By Katie Kerwin McCrimmon
Colorado health exchange managers want board members to max out a broad market assessment on health insurance customers across Colorado through 2016 while also hiking fees on exchange customers from 1.4 percent to at least 3.5 percent — and possibly as high as 4.5 percent.
“This is a really critical period. We need to become sustainable. We also need to make sure we have adequate sources of funding to keep the organization strong,” said Gary Drews, outgoing interim CEO for Connect for Health Colorado.
Before the exchange board meets again later this week to vote, Colorado’s legislative oversight committee will meet on Wednesday to review Connect for Health Colorado’s finances and sustainability plans.
Health insurance companies must file their 2016 rates with Colorado’s Division of Insurance by the end of May. The insurance industry’s lobbyists pressed Monday for a quick decision and warned board members not to hike user fees too high since all of those costs get passed along to customers.
“The challenge really is finding the right balance,” said Ben Price of the Colorado Association of Health Plans. “Fees do factor into the base. … Be diligent. Shoot for the right number and do it very, very quickly.”
Insurance broker Brad Niederman also spoke during public testimony and warned board members that if they hike rates higher than the 3.5 percent that the federal health exchange charges, more and more people will simply call for Colorado’s health exchange to be folded in the federal exchange.
“We want a state exchange.

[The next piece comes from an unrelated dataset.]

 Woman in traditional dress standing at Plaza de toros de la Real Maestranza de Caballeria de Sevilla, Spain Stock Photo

If we raise fees higher than the (federal) model, people will say, ‘Look, it’s costing more than the federal exchange.’ I don’t think we want to add fuel to that fire.”
Previous exchange managers had for years said that Connect for Health could operate on about $26 million a year. Drews now has outlined a much more frank budget, showing that Connect for Health will need to spend at least $50 million to $54 million a year to survive.

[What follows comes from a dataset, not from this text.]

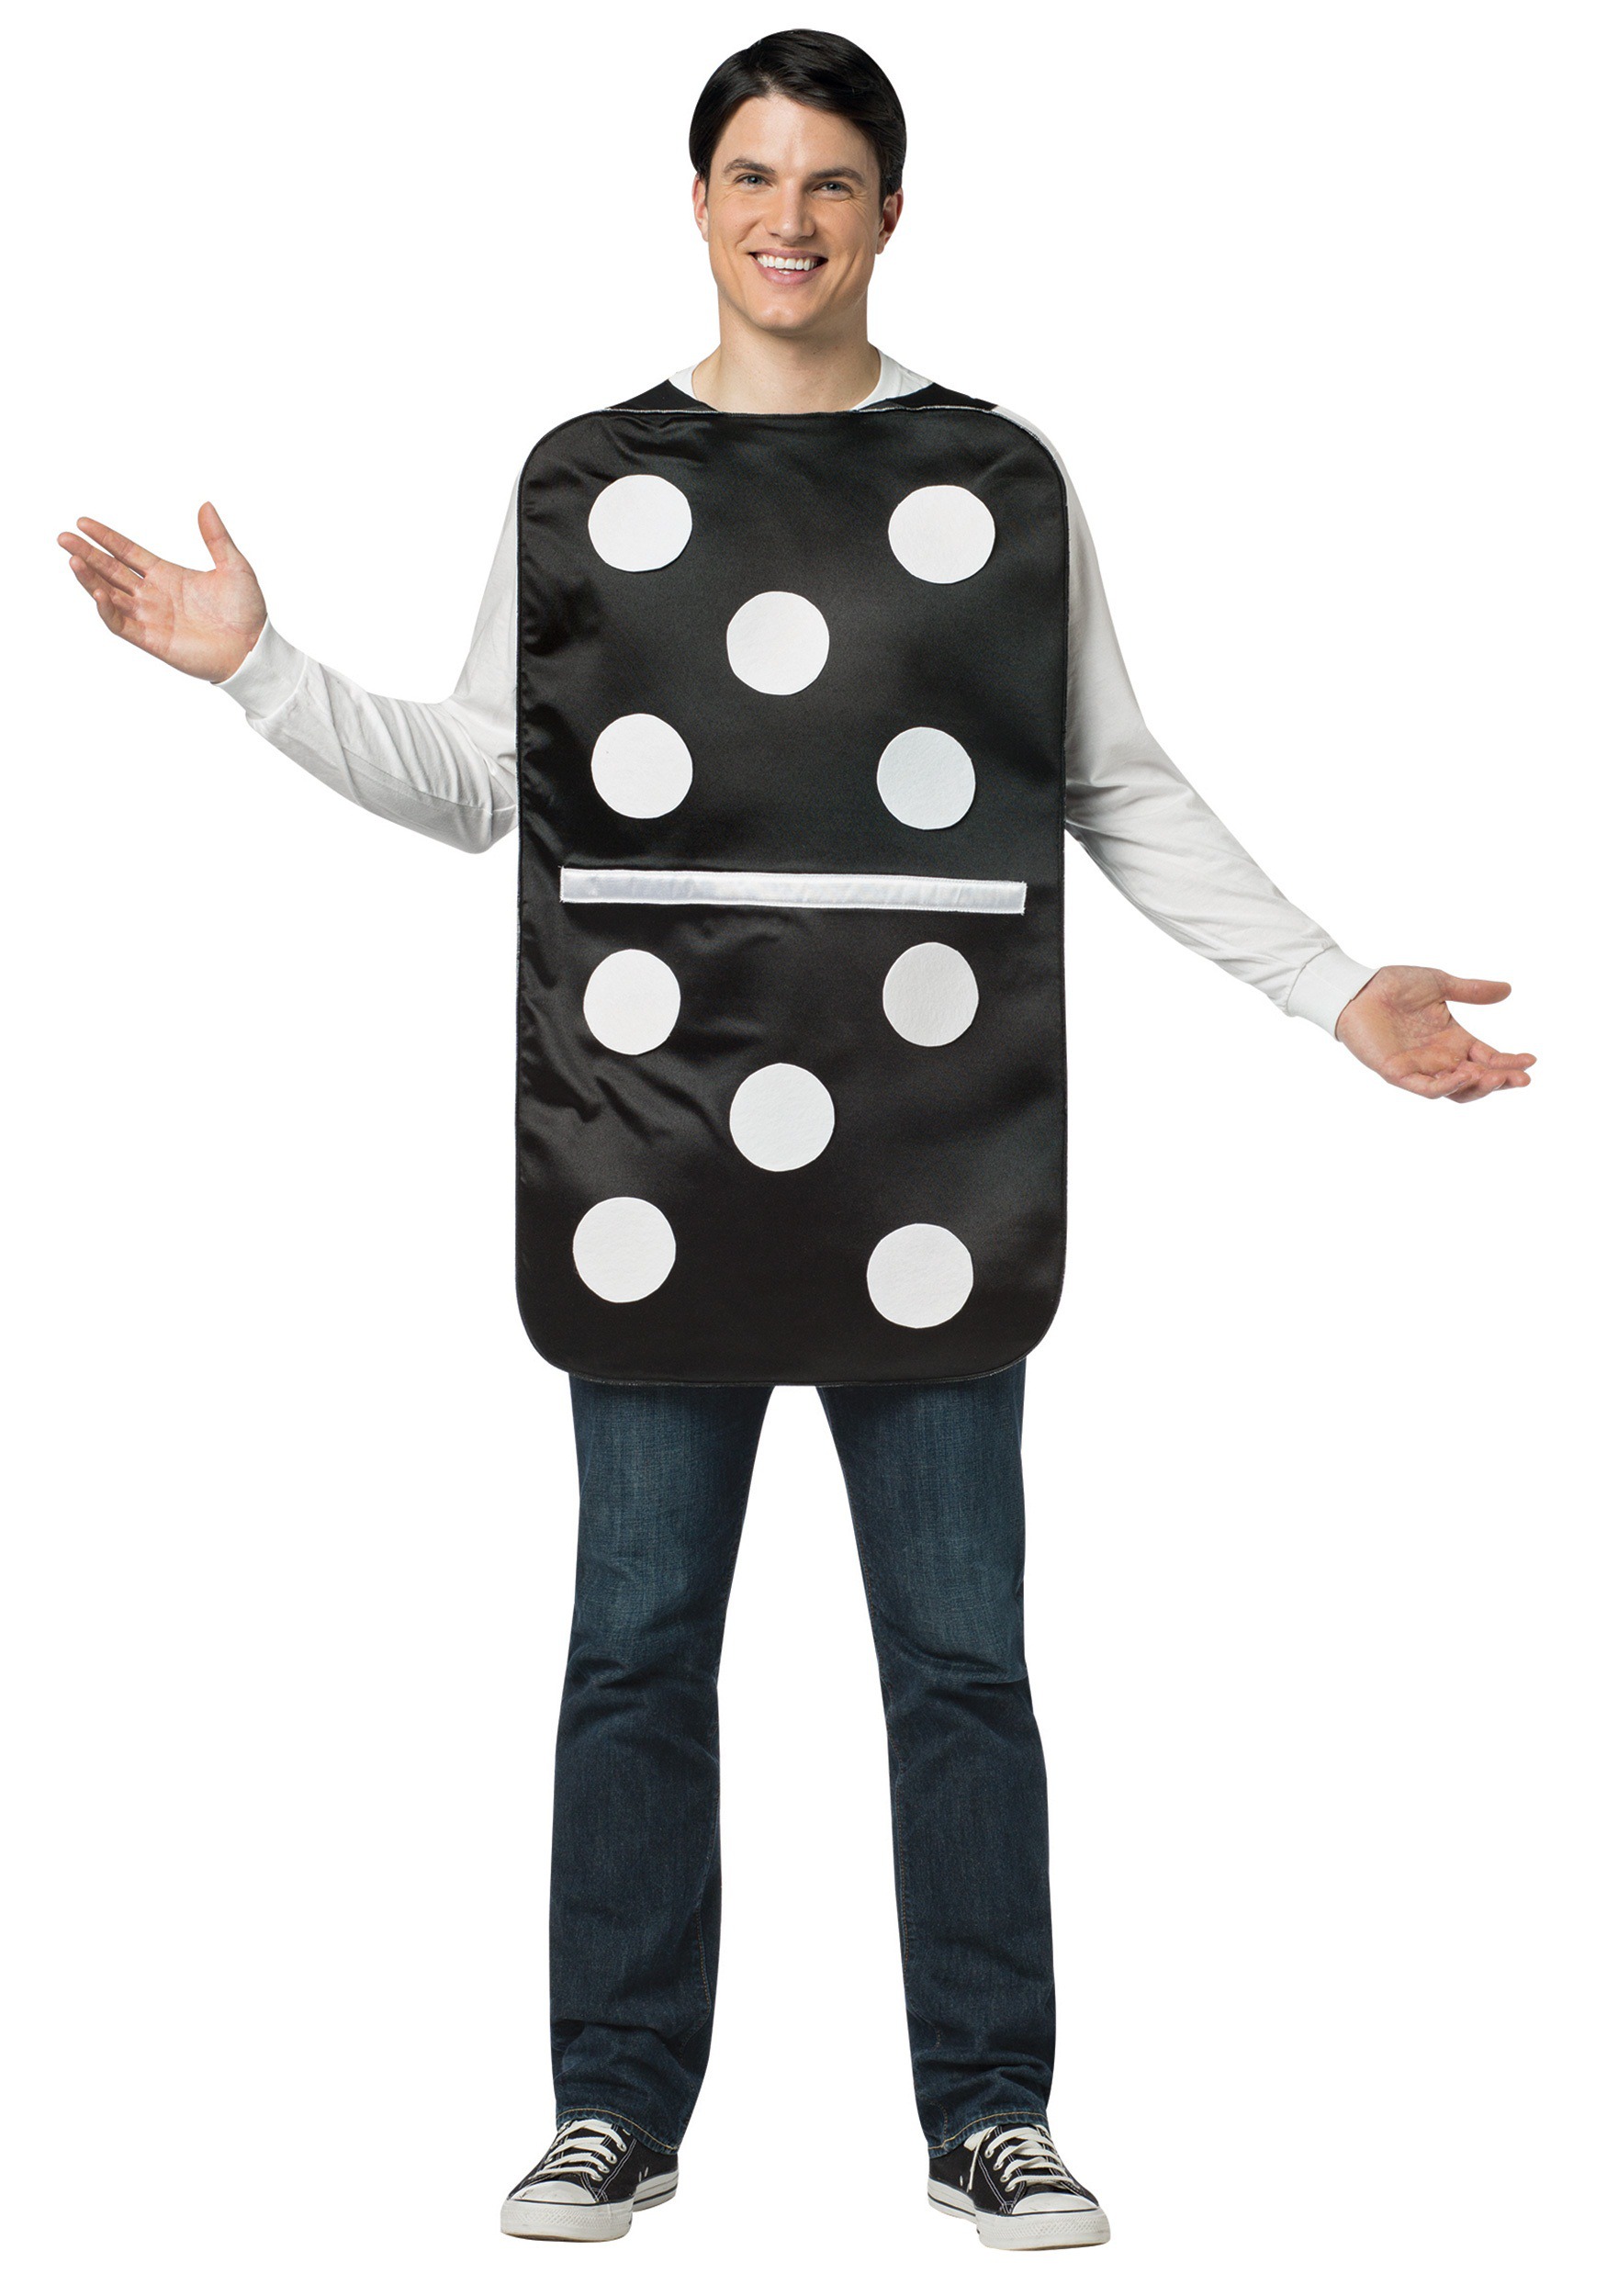 ❤ How to make domino halloween costume

Even then, Colorado’s exchange will face an uphill battle to achieve sustainability. And the financial projections are based on aggressive targets for luring nearly 300,000 people a year by 2018 to buy private health insurance through the exchange. So far, about 150,000 have bought for this year.
“In the out years of ’17 and ‘18, we’re still burning cash under any scenario,” said board member Davis Fansler. “You’re talking about getting up to 295,000 (customers) in 2018. We’re still in a negative cash-flow situation. It would appear to me that we’re going to need to get fairly far north of that number to be sustainable.”

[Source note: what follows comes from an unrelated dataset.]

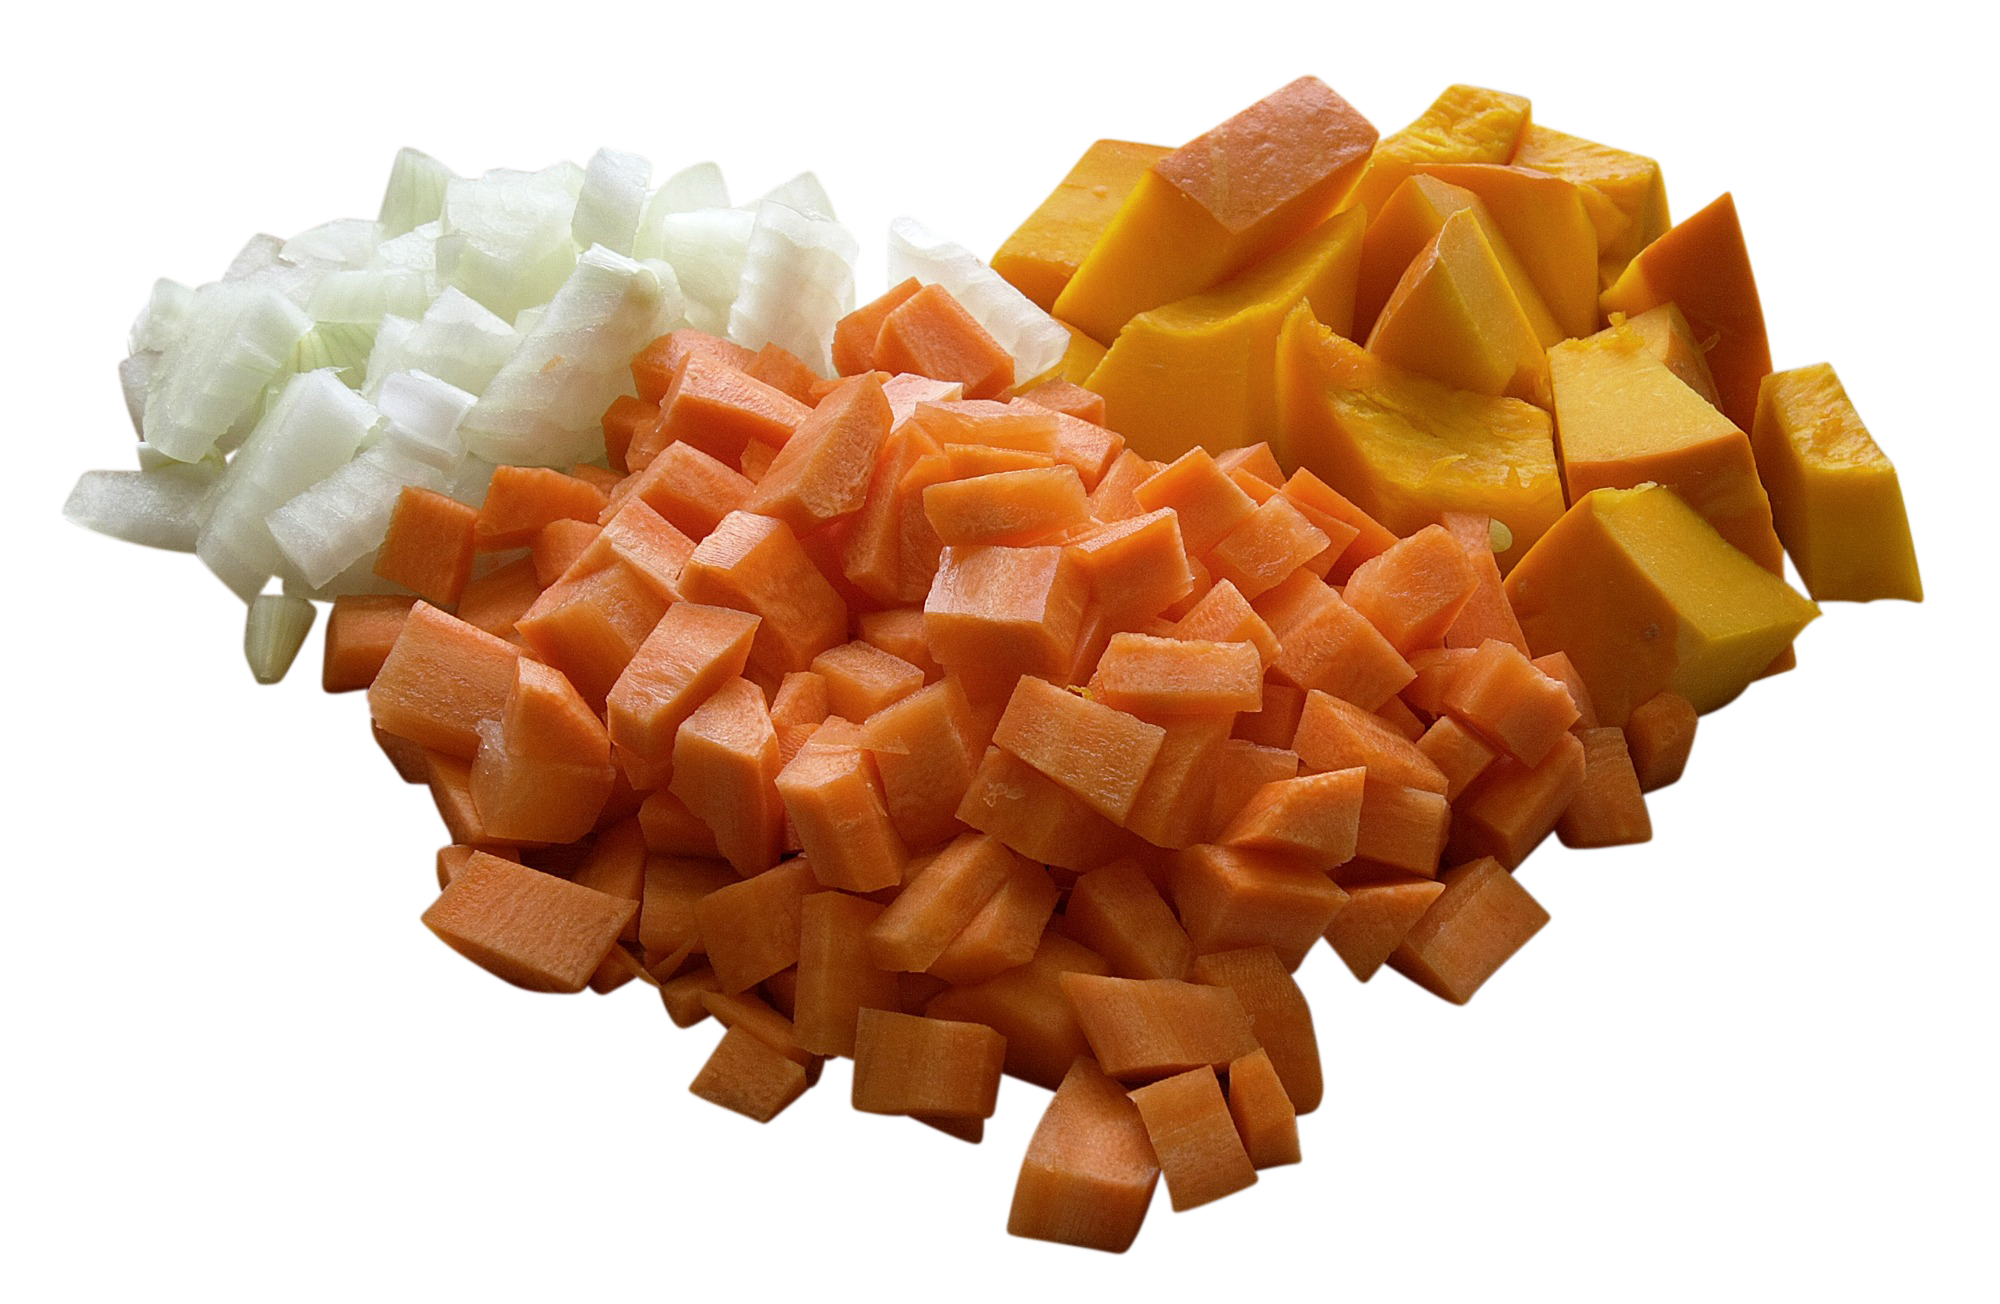 Cube Shaped Cut vegetables

Drews conceded that several critical components need to be “firing on their full pistons” in order for the exchange to survive and thrive.
He also said that he found a “glaring” problem when he arrived last fall: Connect for Health didn’t have enough people to run its operations.
“We don’t have the depth in place to be able to invest in our future,” he said. “We’re holding the organization to an arbitrary set of expectations about what it costs (to run). We’ve got to get the people in place to invest in each of these cases.
“It’s eminently sustainable, but it’s going to take some creativity,” Drews said.
Even with the higher projected spending, exchange managers are planning to dramatically cut spending on marketing and on a statewide network of health coverage guides.
In part, that’s because costs for IT contracts and the call center have continued to swell.
The exchange’s IT expert Adele Work estimated that managers will need to spend an additional $8 million during the next fiscal year in new IT costs. That’s on top of fixed IT costs of $8 million a year. Meanwhile the Colorado Springs call center has blown its budget, costing about $21 million this year. Managers are trying to drive those costs down, closer to $18 million for next year.
Some members of the public and the board pressed for Colorado officials to do all they can to keep a state-based exchange in Colorado.
“We have our challenges,” said board member Steve ErkenBrack.
But “we can talk to each other and try to fix our problems.”
Dr. Mike Fallon worries that costs will continue to escalate every year. Drews mentioned that one state-based exchange is seeking revenue to cover $74 million in costs.
“This year we’re talking about $54 million. We’re already being told of states looking at $74 million,” Fallon said. “My concern is that we are spending money at an incredible clip and we’ve yet to prove our value proposition. We had a tough year this year and our consumer base will agree with that. I hope our board next year won’t be asked for another bump because it’s unsustainable on the level we’re at. To me, it’s a huge concern.”